Week 2
ASR SDKs
With the first week’s orientation and development environment settled, my co-intern and I could continue working on the Automatic Speech Recognition (ASR) assets that include using their Software Development Kits (SDKs) to install both JavaScript(JS) and Console (CLI) samples on our development server. I started the week with a focus on navigating around the IBMcloud (IBMC) console interface with a few audio files. At the time, I did not have any audio files present to use with IBMC ASR. This meant that I had to hunt for a few sample audio files online and make sure that they were open source and no license issues.
Sample audios
As the hunt continued, we learned a great deal about how audio files worked especially with the containers and streams. Thanks to our mentor, Dr. Raja Kushalnagar and another co-worker on the project team for supplementing us with the information necessary to make our project successful with sampling audio files. When I found a sample folder of various audio files, I couldn’t believe it when I saw that the file size was 34 gigabytes! Yes, thirty-four gigabytes worth of audio all in one folder! I was shocked to see that. I then realized we should start categorizing our audio files into three categories: Short, Medium, and Long.
Audio categories
In the short category, it would consist of audio files that have less than 1 minute in length. Medium: 1 minute - 5 minutes; Long: Longer than 5 minutes.

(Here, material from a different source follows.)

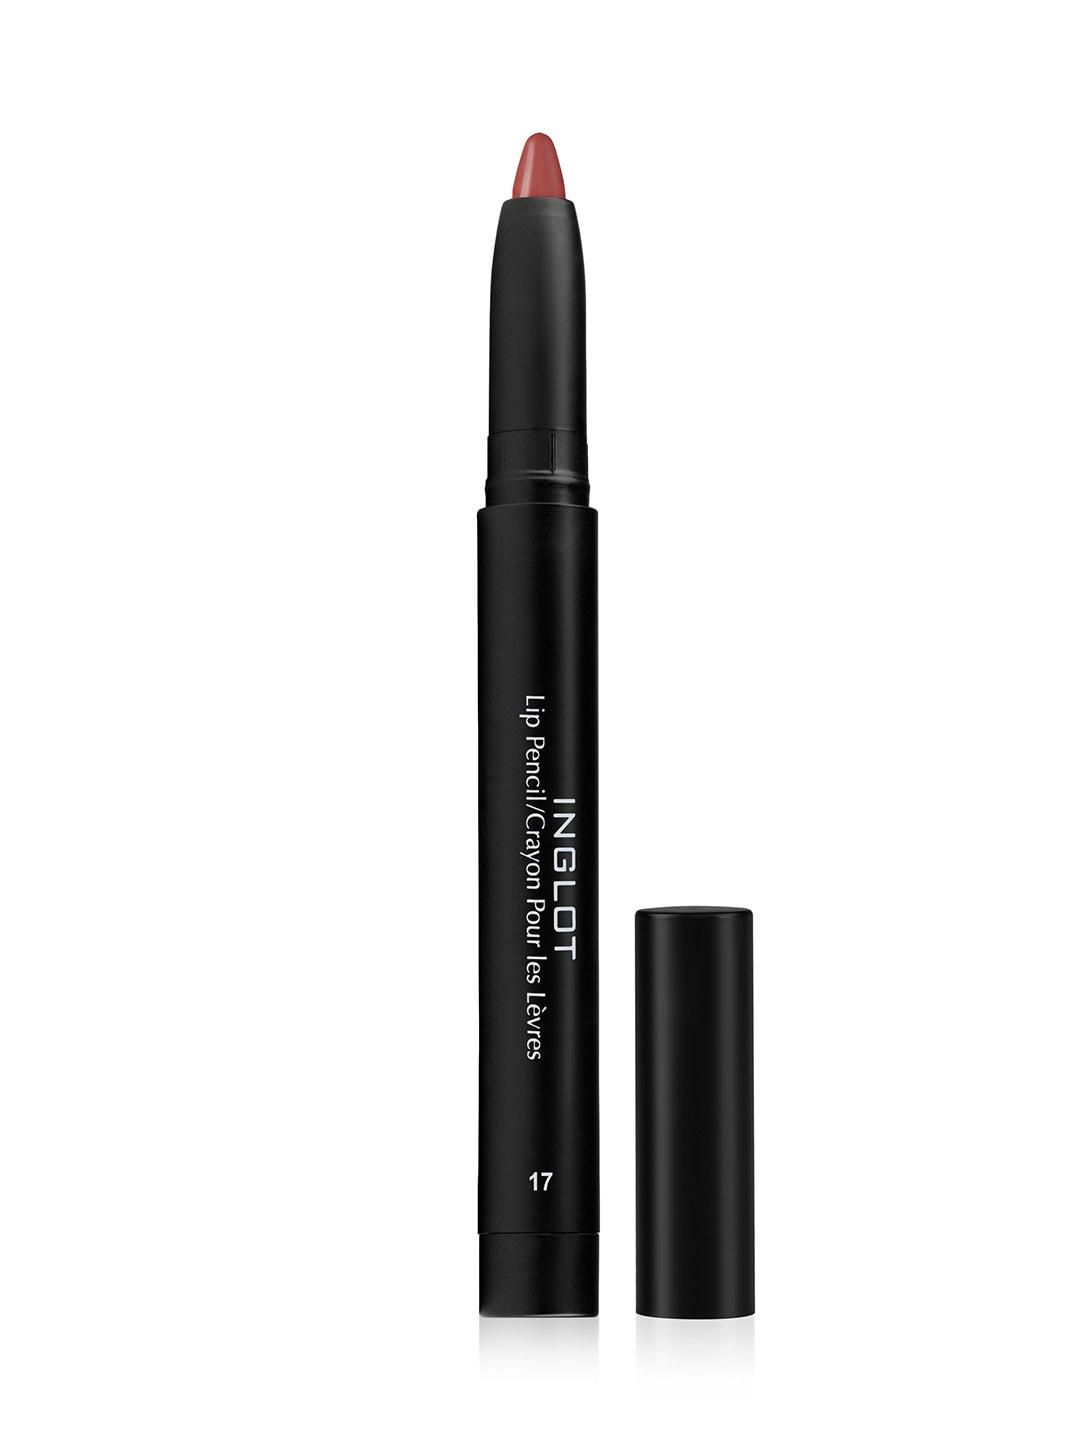 inglot amc matte lip pencil crayon with sharpener - 17

Even in a sample audio folder with 34 GB, it wasn’t difficult finding audio files that were less than a minute in length. I even had a greater difficulty finding both medium and long audio files in open source samples online. Thankfully, one of the co-workers on the team said that there might be a way for him to get internal audio files from previous projects at Gallaudet University, so he had to ask for permission, and it was granted. In these audio files, the length was great, just exactly what we needed for our projects. The audio files itself was set up as a single file with two microphone inputs. So with this, we still needed a way to split it into mono channels, so we learned how to use audacity and split the audio files into mono channels, and now the audio file samples were perfect for our development testing purposes.
WebRTC
In our project, our main goal was to provide automatic captions on a video conferencing platform. Many video conferencing platforms out there are proprietary which also means it’s closed source. Therefore, we couldn’t just get the codebase and try to modify it to fit our project’s purposes. That’s the first reason we started to work on WebRTC as it’s a open source video platform that’s flexible to serve many needs, not just video conferencing. With the WebRTC’s codebase on our server, in order to run it, we need to use nodejs to run it in a browser and display it as if it was a functioning server-side program inside a web browser client. Working with web browsers is another reason we work with JavaScript heavily in our project. We made some process to learn how to set WebRTC server up with another open source platform called “EasyRTC”.
EasyRTC
It’s basically WebRTC with easy implementations and setup, so we didn’t have to code everything from scratch to get working video and audio. This is especially important as we only have 10 weeks in our internship, we cannot waste any time building anything from scratch, but to use open source stuff, and modify it to meet our needs. So with easyRTC set up, we started looking into modifying the code to meet what we want for the project. Unfortunately, I’ve had tough luck getting some things to work properly under a nodejs environment like the CSS and static files. I have a basic knowledge of how nodejs works, so to no luck to get things to work like we wanted to see. We started to shift our focus onto the WebRTC platform and work from there since some static files were able to be loaded via the webrtc platform. This was a wall that I faced for 2 days trying to get nodejs + expressjs + css all to work together. Unfortunately, it didn’t all work out. Gratefully, we are still able to do it all successfully with the webrtc platform.
Streams + transcripts
Our next focus was getting streams up and running. The problem we had to solve was the fact that the stream wasn’t necessarily live in order to have a great controlled experiment with all ASRs using the same video/audio files and see the results of each ASR engine, and gather data and results. Emelia, my co-intern spent most of her focus on getting the virtual webcam stream up and running. Whereas I spent my focus on getting a transcript page up and running to show the text being translated from the ASR engine. With all that being successful after a couple days, we started to study the ASRs and their nodejs counterparts and see how we could get it to work seamlessly with the WebRTC platform. After studying and understanding some of the implementations, Emelia worked on getting some nodejs scripts work properly in a CLI environment with the sample audio file whereas I continued to work on the transcript webpage and modify some things. Towards the end of the week, we started to shift our focuses to IBMC and GCP since MicroSoft Azure (AZ) had it working out of the box for what we needed to see in a console environment. IBMC and GCP didn’t have it working out of the box, but we are pretty sure they have the features in their API. We just needed to figure out how to get it to work similarly to the AZ console environment. We are going to resume this focus next week with GCP and IBMC environments.